自己破産のデメリット
自己破産は、自己破産とは?のページでご説明したように、借金が0になり、生活をやり直すことができるというメリットが大きい制度です。しかし、その一方でデメリットがあることも事実です。
自己破産のデメリットというと、選挙権を失うだとか、年金を受給できなくなるとか、生活をしていくうえで大きな制限を受けると思っている方が多いのですが、このような制限はまったくありません。自己破産については、間違ったウワサやデマが多いのです。
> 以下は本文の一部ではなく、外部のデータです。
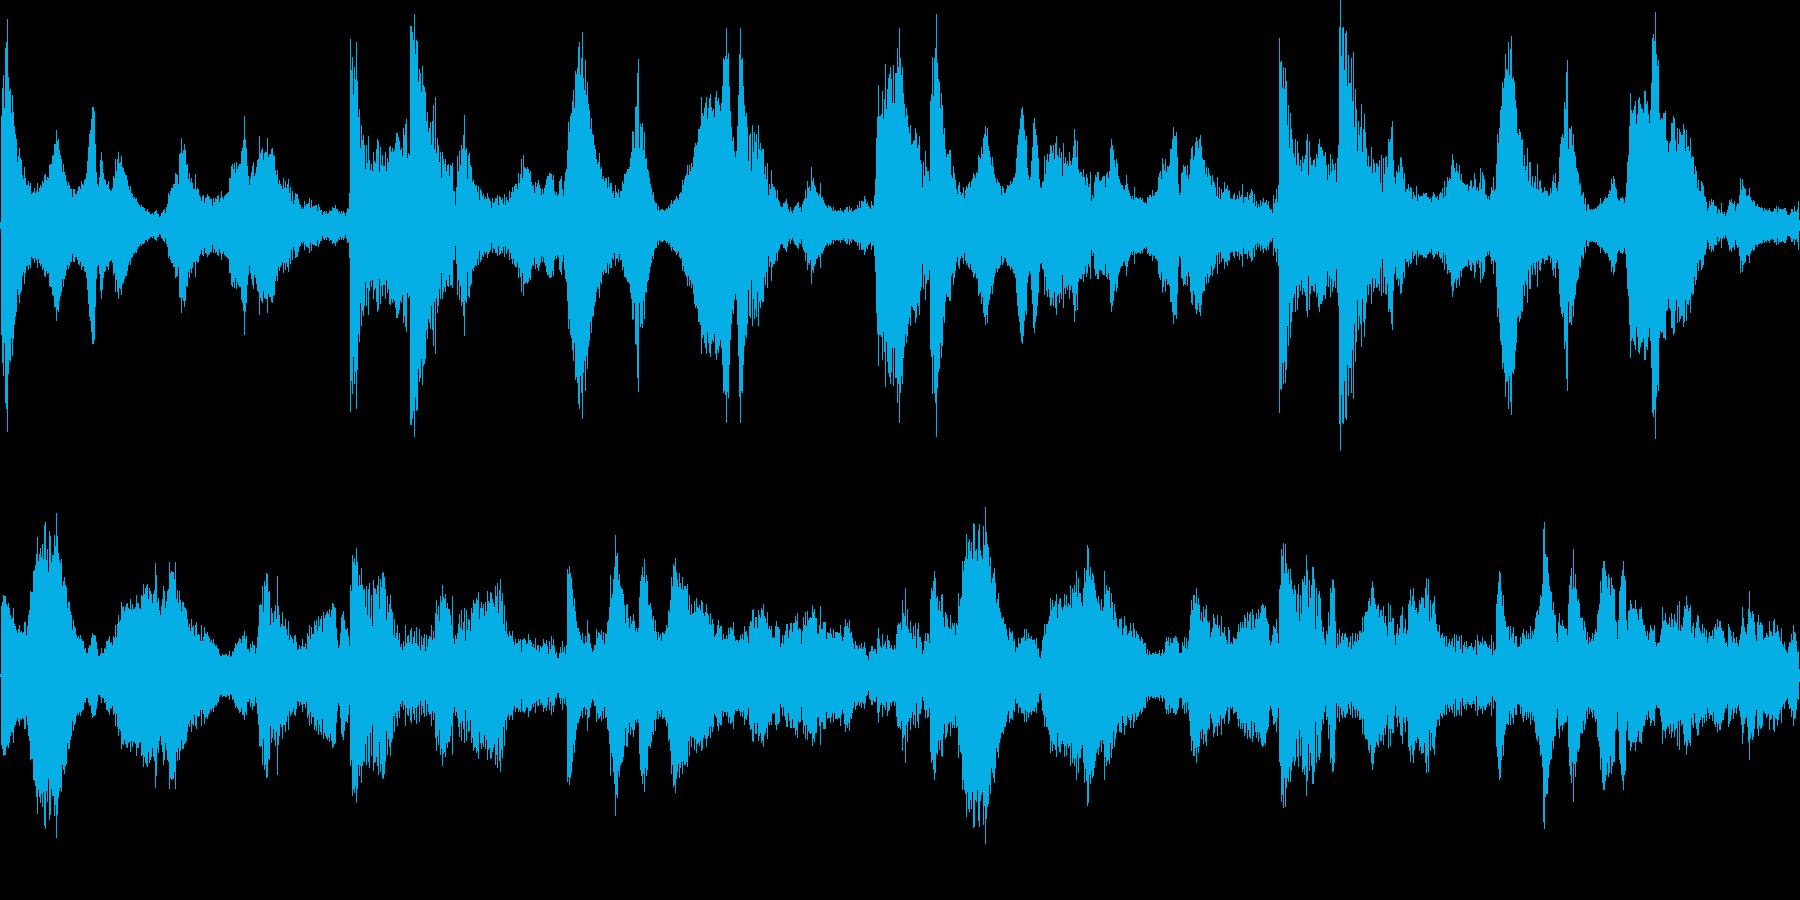 k010 アラーム音(ループ仕様)の再生済みの波形

以下、自己破産の主なデメリットをご紹介したいと思います。
約7年間、新たな借金ができない
これは自己破産に限らず、債務整理(任意整理、個人版民事再生、特定調停)すべてに共通するデメリットです。消費者金融やクレジット会社からの借金をはじめ、住宅ローンや車のローンといったものも利用できない可能性が高いでしょう。
約7年間、クレジットカードを作ることができない
これも自己破産に限らず、債務整理(任意整理、個人版民事再生、特定調停)すべてに共通するデメリットです。当分のあいだ不便を感じることもあるでしょうが、いまは光熱費や買い物についても銀行引落やコンビニ払いなど、色々な支払い方法が用意されていますので、クレジットカードがないから生活できない、ということはありません。最近利用されている方が多いETCカードについても、クレジットカードを経由しないタイプのものがあります。
官報に掲載される
自己破産をすると、官報という政府が発行している新聞のようなものに住所・氏名が記載されます。ただ、官報は毎日発行されており量も膨大ですので、定期的にチェックしているという人はごくまれでしょう。そのため、官報に掲載されることが原因で自己破産したことが周囲の方に判明する、ということはないかと思います。
破産者名簿に掲載される
破産者名簿とは、全国の市町村にあるもので、自己破産をすると氏名が登録されることになります。ただ、この破産者名簿は非公開のものですので公になることはありません。
資格制限を受ける
一定の職業については、自己破産の開始決定が出てから免責決定が出るまでの数ヶ月のあいだ、制限を受けることになります。資格制限を受ける職業としては、生命保険の外交員や警備員、宅地建物取扱主任者、弁護士、司法書士といったものがあります。
まとめ
思っていたよりもデメリットは少なくありませんか?確かに生活に多少の不便は出てしまいますが、日常生活が送れなくなるというような制限を受けることも、自己破産をしたからといって何か罰を受けることもありません。
間違ったウワサやデマに耳を傾けず、自己破産について正しい知識をもっていただいたうえで、自己破産をするかどうかご検討いただけたらと思います。